Work to complete →
A word-for-word copy of the following listing is needed. Leave out its images.
Exercise data section start
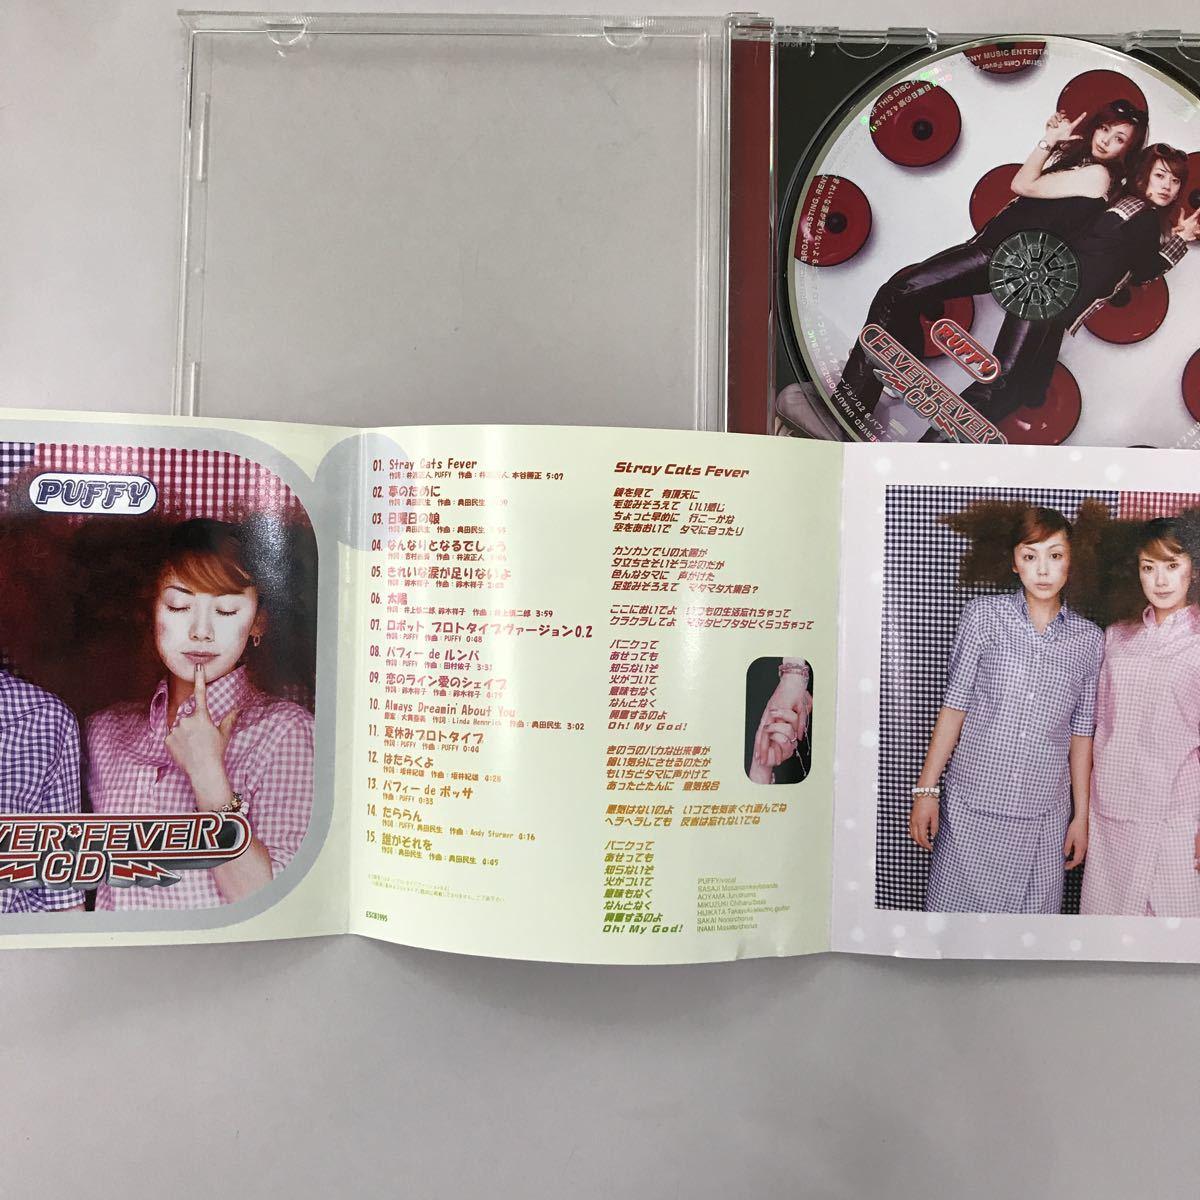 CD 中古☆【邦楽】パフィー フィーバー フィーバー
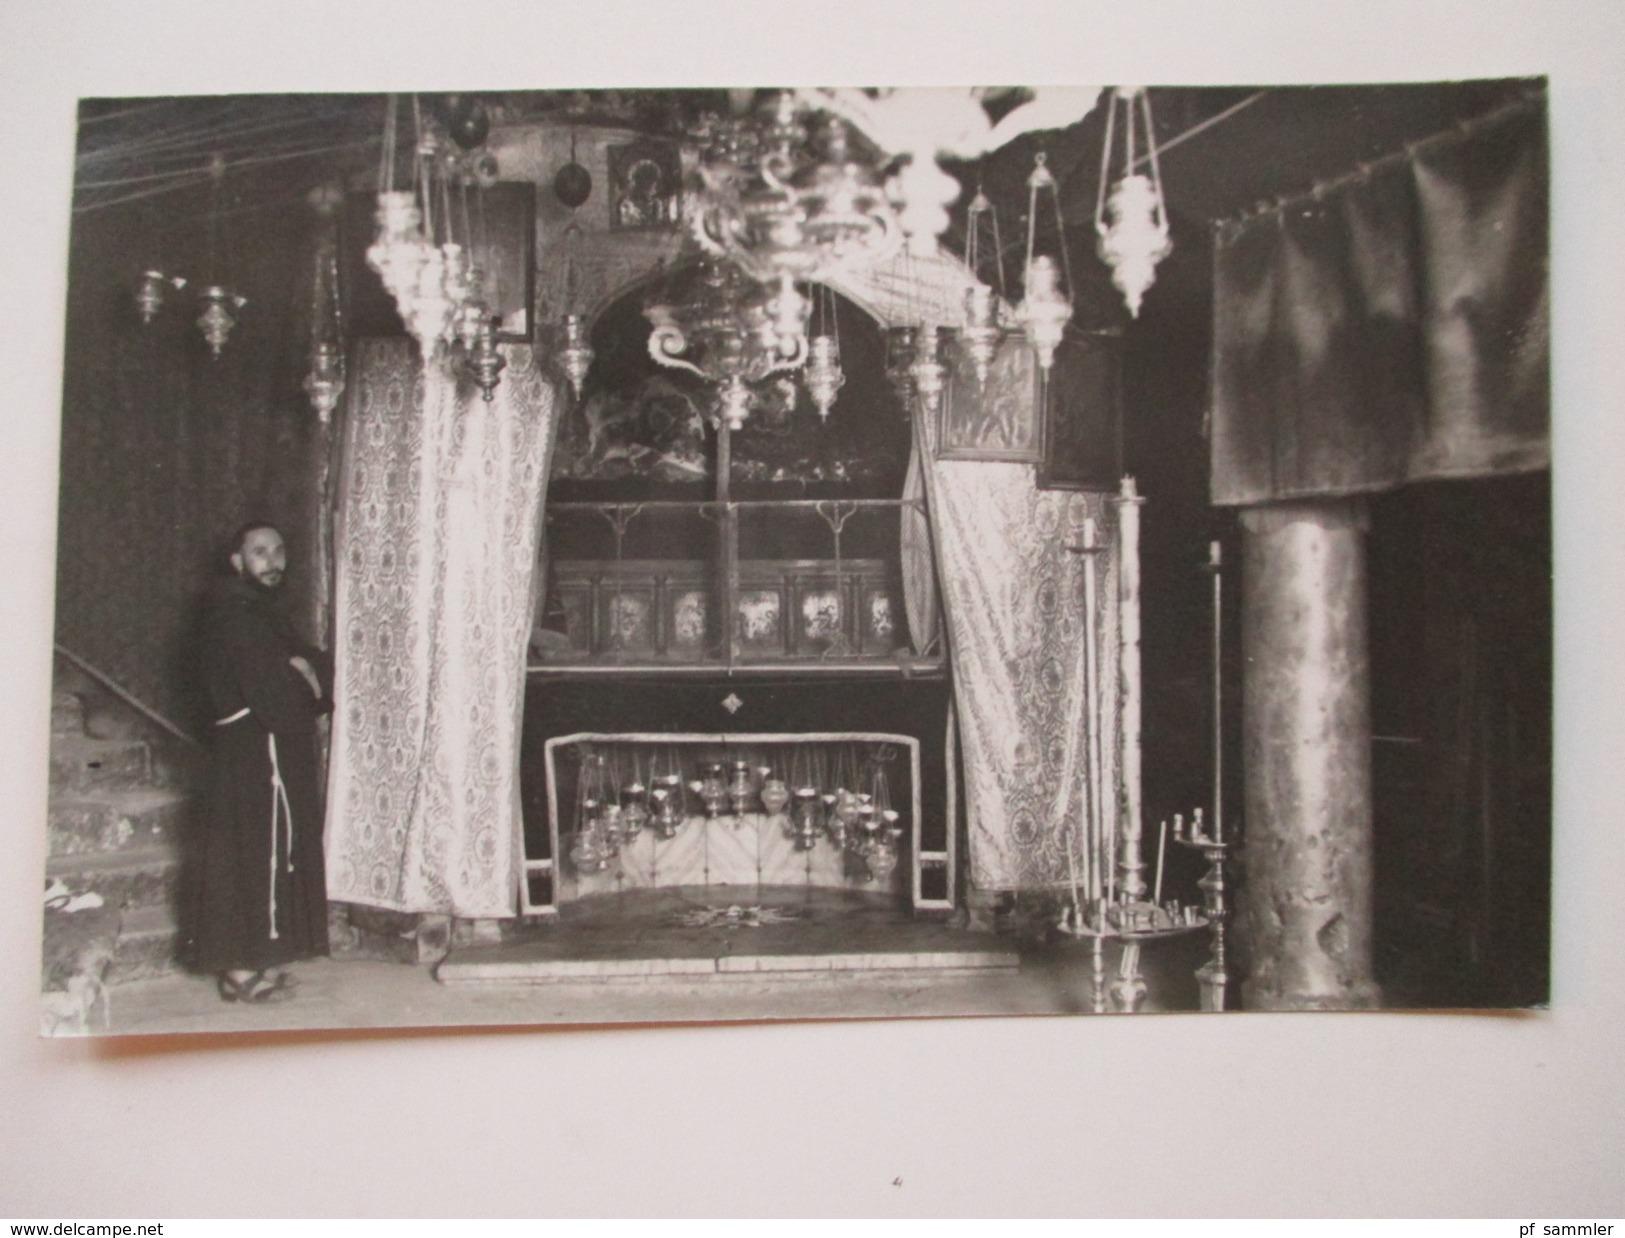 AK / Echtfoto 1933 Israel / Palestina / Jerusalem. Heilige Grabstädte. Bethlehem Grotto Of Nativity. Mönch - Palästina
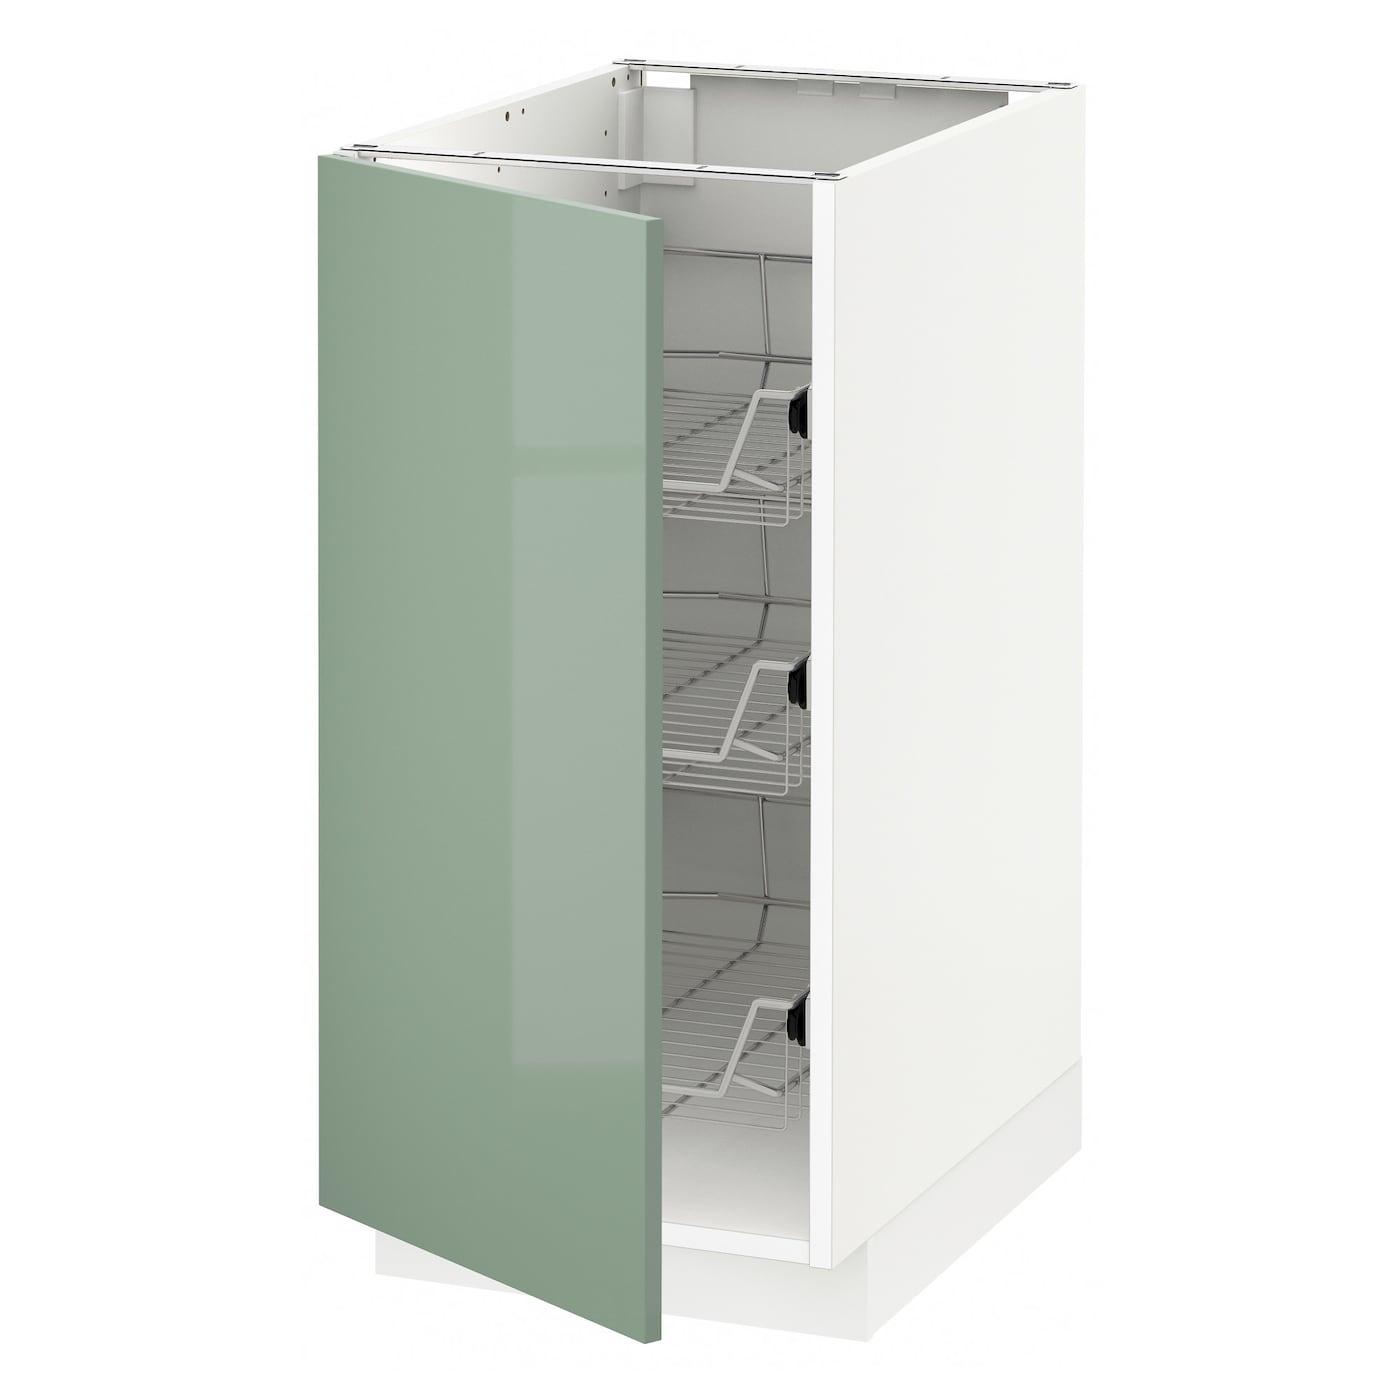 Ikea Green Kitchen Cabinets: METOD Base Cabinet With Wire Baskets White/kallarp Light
Exercise data section end
Solved exercise →
 CD 中古☆【邦楽】パフィー フィーバー フィーバー
 AK / Echtfoto 1933 Israel / Palestina / Jerusalem. Heilige Grabstädte. Bethlehem Grotto Of Nativity. Mönch - Palästina
 Ikea Green Kitchen Cabinets: METOD Base Cabinet With Wire Baskets White/kallarp Light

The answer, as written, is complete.